With clear metrics, you can:
- Generate a sequence, measure its conversion rate
- Generate variations, measure their conversion rates
- Double down on what works
- Iterate rapidly
This is the compounding advantage of small teams: you can move fast, measure clearly, and iterate. You’re not constrained by legacy systems or process overhead. You can test, learn, and improve in weeks instead of quarters.
But only if you’re measuring the right things.
The Bottom Line
Open rates are dead. They’re not coming back. The sooner you accept that and shift your metrics, the sooner you’ll start shipping better email.
The good news is that the metrics that actually matter—clicks, conversions, revenue—are easier to act on than open rates ever were. They’re not gamed by privacy changes. They’re not vanity metrics. They directly answer the question: “Is this email working?”
For small teams that can’t afford wasted effort, that clarity is everything. You don’t have room for metrics that don’t matter. You don’t have time to optimize for the wrong signal. You need metrics that move the needle.
Start tracking clicks, conversions, and revenue. Stop tracking opens. Build your sequences around outcomes, not vanity. And if you need to ship sequences fast without a designer, use AI email tools that understand your business logic and can generate production-ready templates in minutes.
The teams that make this shift in 2026 will have a massive advantage over the teams still chasing opens. That advantage compounds. Don’t get left behind.
Frequently Asked Questions About Email Metrics
Should I completely ignore open rate?
Not entirely. Open rate still has some value as a relative metric—if one campaign has a 15% open rate and another has a 5%, something is different between them. But don’t use it as your primary metric or optimize heavily for it. Use it as a secondary signal, not a decision driver.
What if my email platform doesn’t track conversions?
Most modern platforms do, but if yours doesn’t, you can set up tracking through UTM parameters and your analytics tool. Add ?utm_source=email&utm_campaign=campaign_name to your links, and you can track clicks back to your website and conversions in Google Analytics or your analytics platform.
How do I explain this to my CEO or stakeholders?
Share the technical reason: Apple Mail Privacy Protection automatically loads images in emails, breaking the open rate signal. Show data from your own campaigns showing that opens don’t correlate with conversions. Propose switching to conversion rate and revenue per email as your primary metrics. Frame it as “we’re measuring what actually matters” rather than “we’re lowering standards.”
Is there any situation where open rate is still useful?
Open rate can be useful for very specific, limited purposes: testing whether your email is reaching inboxes (vs. going to spam), or testing whether people are even opening your emails at all (as a sanity check). But for optimization and decision-making, conversion rate is more reliable.
What about bounce rate and other metrics?
Bounce rate is still useful—a rising bounce rate indicates list quality issues. Unsubscribe rate is critical—it’s a sign of audience misalignment. But open rate? It’s noise in a post-MPP world.

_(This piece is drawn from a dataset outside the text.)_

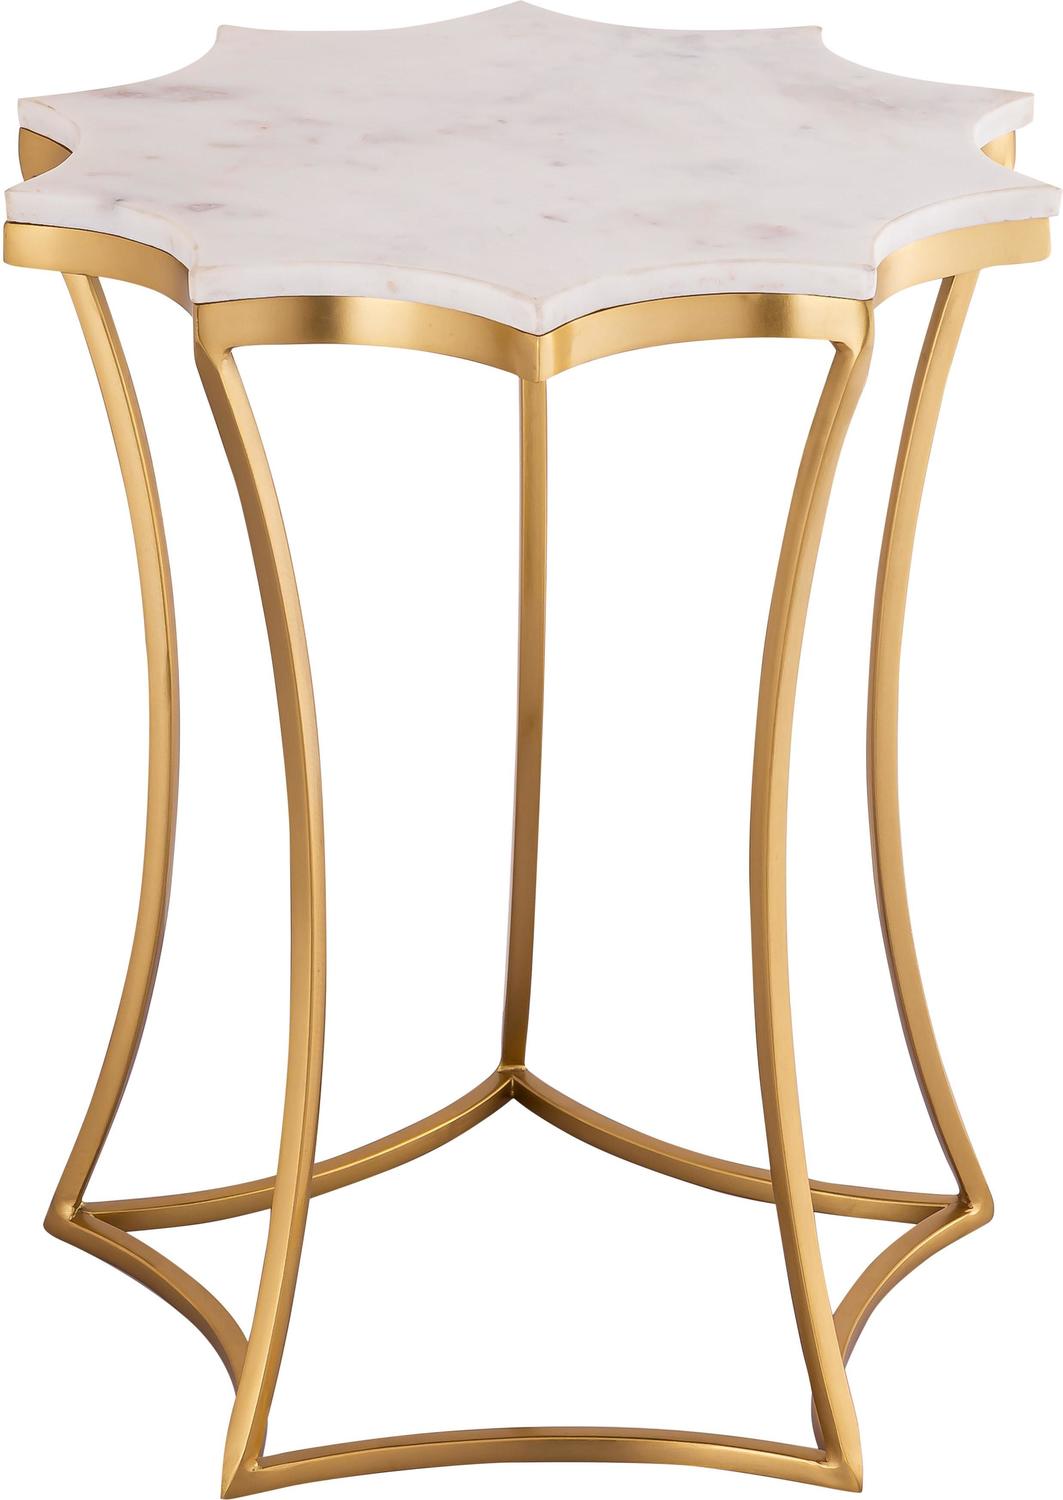 side table end table Tov Furniture Side Tables Gold,White Marble
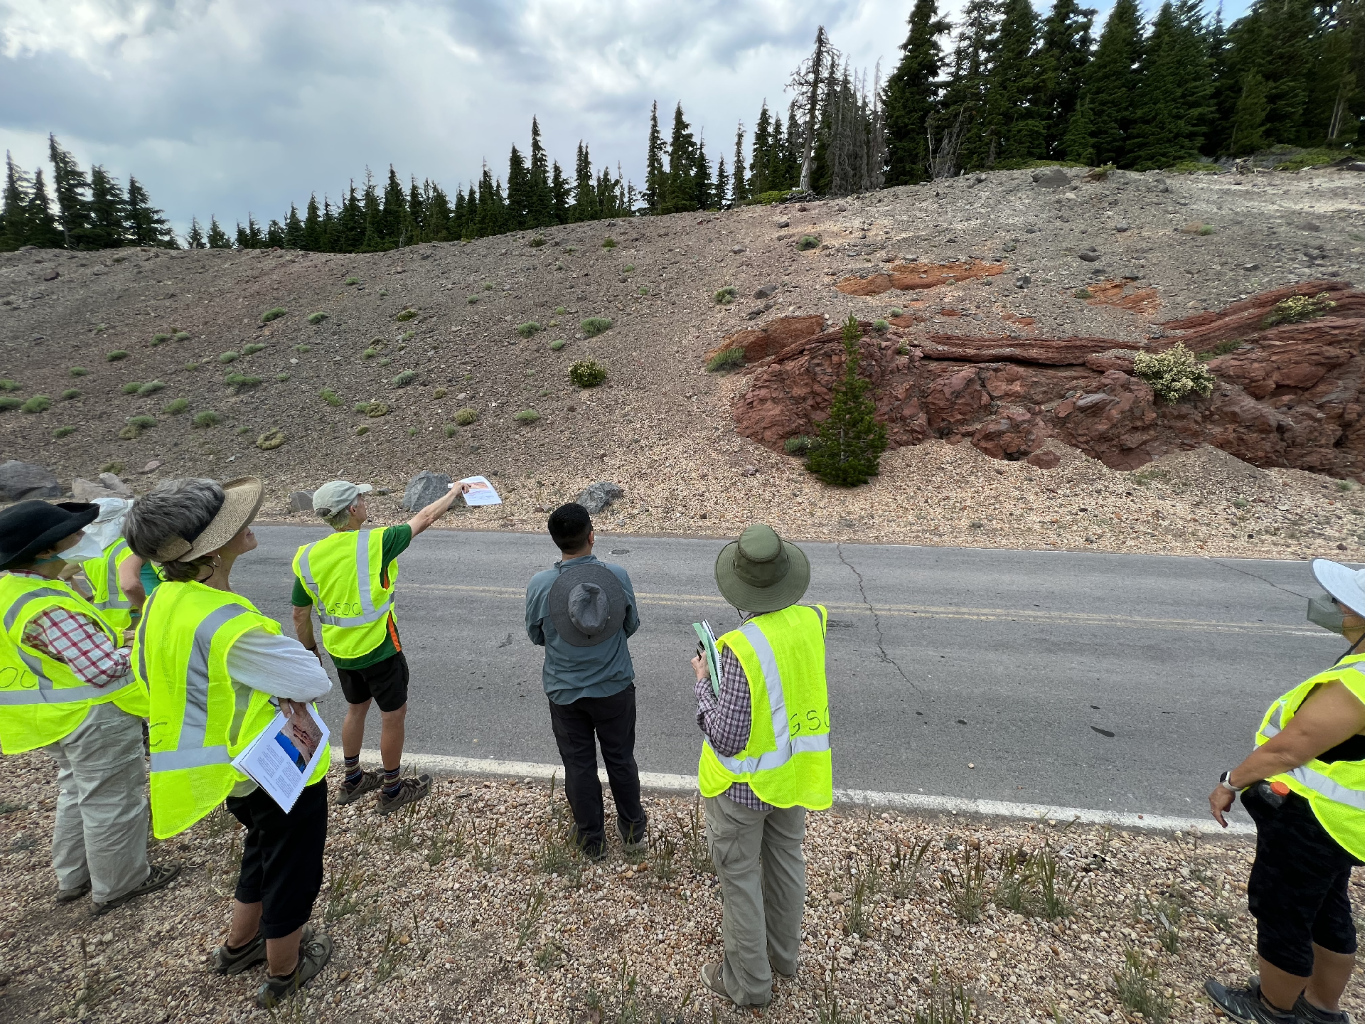  Lee discusses the pumice outcrop.

Moving Forward With Better Metrics
The shift away from open rates isn’t just about changing numbers on a dashboard. It’s about fundamentally rethinking how you approach email marketing. It’s about moving from vanity metrics to outcome metrics. It’s about building sequences that drive real business value.
For small teams, this shift is liberating. You don’t need a data scientist to understand conversion rate. You don’t need an email specialist to know whether a sequence is working. You just need to look at the metric that matters: did it move revenue?
And when you’re building sequences with AI email design tools, you can focus entirely on the outcome you want to achieve. The tool handles the execution. You handle the strategy. Together, you ship faster and measure more clearly than teams with dedicated email specialists.
The email marketing landscape in 2026 belongs to teams that measure what matters. Make sure you’re one of them.